Ground Support versus Independent Operations

On i April 1944, with daylight air superiority secured, Opera­tion Pointblank officially ended, and two weeks later Eisenhower assumed operational control of usstaf and raf Bomber Com­mand. He retained the authority for the next five months. Dur­ing that span he used the heavy bombers to disrupt transportation routes in northern France that the Germans could use to thwart the invasion, as well as to spur the drive of Allied armies across France after the landings. Winston Churchill initially balked over the prospect of substantial French casualties from the bombing, but relented when President Franklin Roosevelt stated an unwill­ingness to restrict any military action that “might militate against the success of ‘Overlord’ or cause additional loss of life to our Al­lied forces of invasion.”47 Approximately 4,750 French civilians died from the bombing of transportation lines before D-Day.48 To

Roosevelt and Churchill, those deaths were a small price to pay for a successful invasion that would shorten the war, especially since both leaders placed a higher premium on the lives of their own combatants than they did on the lives of civilians in occu­pied countries. Eisenhower sympathized with those views. On 6 June, he used B-17S to demolish twelve French towns and block roads in them that the Germans could use to move reinforcements to the invasion beachhead.49

American air commanders shared the progressive desire for rapid victory, but continued to maintain that independent bomb­ing operations, rather than those devoted to ground support, of­fered the most inexpensive way to end the war quickly. Before departing England for his Mediterranean command, Eaker re­viewed the Overlord plan and deemed the proposed use of B-17S and B-24S to support ground forces a mistake. “Heavy bombers are inefficient artillery,” he observed. “They have a more impor­tant assignment in the war effort which, incidentally, is more im­portant to winning the battle on the beaches as well.”50 Arnold concurred in his response for “Eaker’s Eyes Only,” which Eaker received in the midst of his effort to prevent widespread use of Fif­teenth Air Force bombers as “flying artillery” in the Italian cam­paign. “I have reason to fear that we will be dragged down to the level and outlook of the Ground Forces,” Arnold fumed. “Our airmen thoroughly know the capabilities of their Arm. They, and they alone, must control the operations of their Air Forces. It is, in my opinion, impossible for Ground Force officers to fully uti­lize vision and imagination in air action, since they are not well acquainted with air capabilities and limitations.”51

Spaatz despaired as well over the extensive use of his bomber force to support Overlord. In June, he scoffed at Eisenhower’s suggestion to have B-17S drop supplies to partisans in southern France, and also complained that British ground commanders “vi­sualize the best use of our tremendous air potential as plowing up several square miles of terrain in front of the ground forces to obtain a few miles of advance!”52 Yet without a massive infusion of air power, Eisenhower’s invasion may well have stagnated in the Normandy hedgerows. For almost two months after D-Day, German troops and tanks prevented Allied armies from moving more than twenty miles inland from the invasion beaches. Oper­ation “Cobra” made the difference. On 25 July, 1,495 American heavy bombers, 380 medium bombers, and 559 fighters blasted German positions near Saint-Lo.53 A follow-up attack by 200 me­dium bombers and five fighter groups the next morning broke the spirit of the German defenders, enabling American troops to pour into the gap and begin their drive to the German frontier.

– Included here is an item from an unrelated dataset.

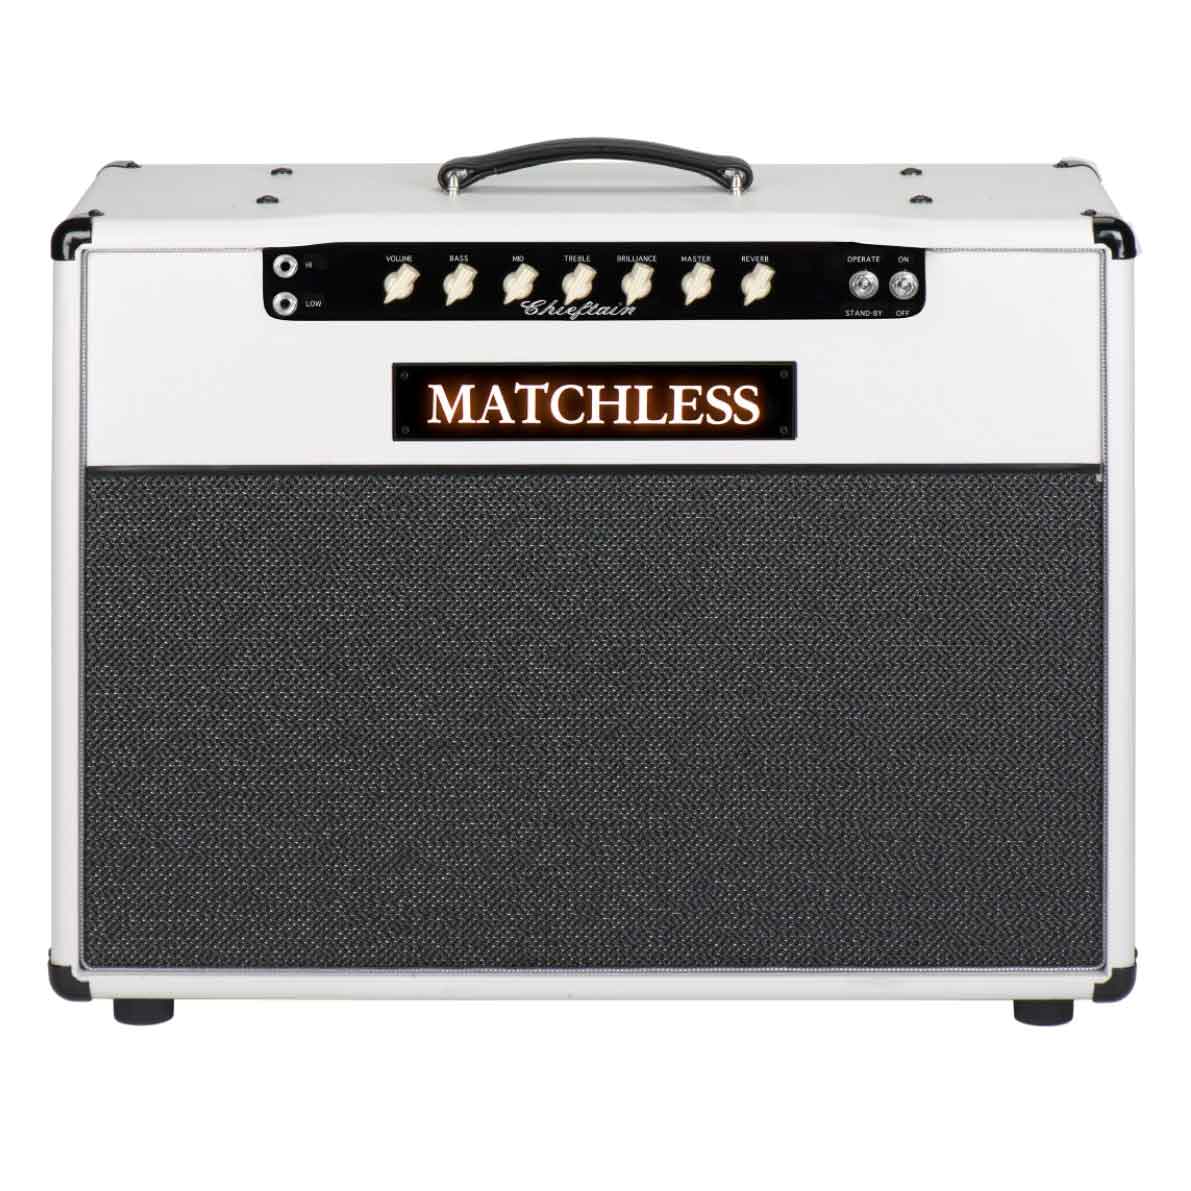 Matchless Chieftain 40w EL34 Combo with reverb - MusicStreet

Although he realized that air power had played a useful role in supporting Allied armies, Spaatz wanted to use his bombers inde­pendently, not as an auxiliary force, and in a way that would have a more decisive impact on Germany’s capability to fight—as well as highlight the distinctive contribution of strategic bombing to the Allied war effort.’4 He was of course familiar with awpd-i, AWPD-42, and Eaker’s proposal for the Combined Bomber Offen­sive, and all stressed oil as a vital component of Germany’s war­making capacity. In January 1944, coa members had examined prospects for attacking oil production and refining centers. They rejected such raids because they estimated that the Germans would not feel effects from them for at least six months, too long a time to influence the battle for air superiority that Spaatz had to win by April.5S Once he had gained daylight control of the air, the de­sire to attack those targets resurfaced.

In late March, Spaatz argued that destroying Germany’s oil sup­ply would provide the greatest support to the invasion by restrict­ing enemy troop movements, but Eisenhower thought that attacks on transportation lines in northern France and Belgium would pay more immediate benefits.56 Still, in his initial bombing directive on 17 April, Eisenhower called for continued pressure on the Luft­waffe, and Spaatz reasoned that raids on oil facilities would com­pel the Luftwaffe to fight—and suffer attrition—much like the Big Week attacks on the aircraft industry. Spaatz pressed Eisenhower for limited attacks on oil—and even threatened resignation over the issue.57 Eisenhower relented, and gave him permission to use two good-weather days to attack synthetic oil facilities.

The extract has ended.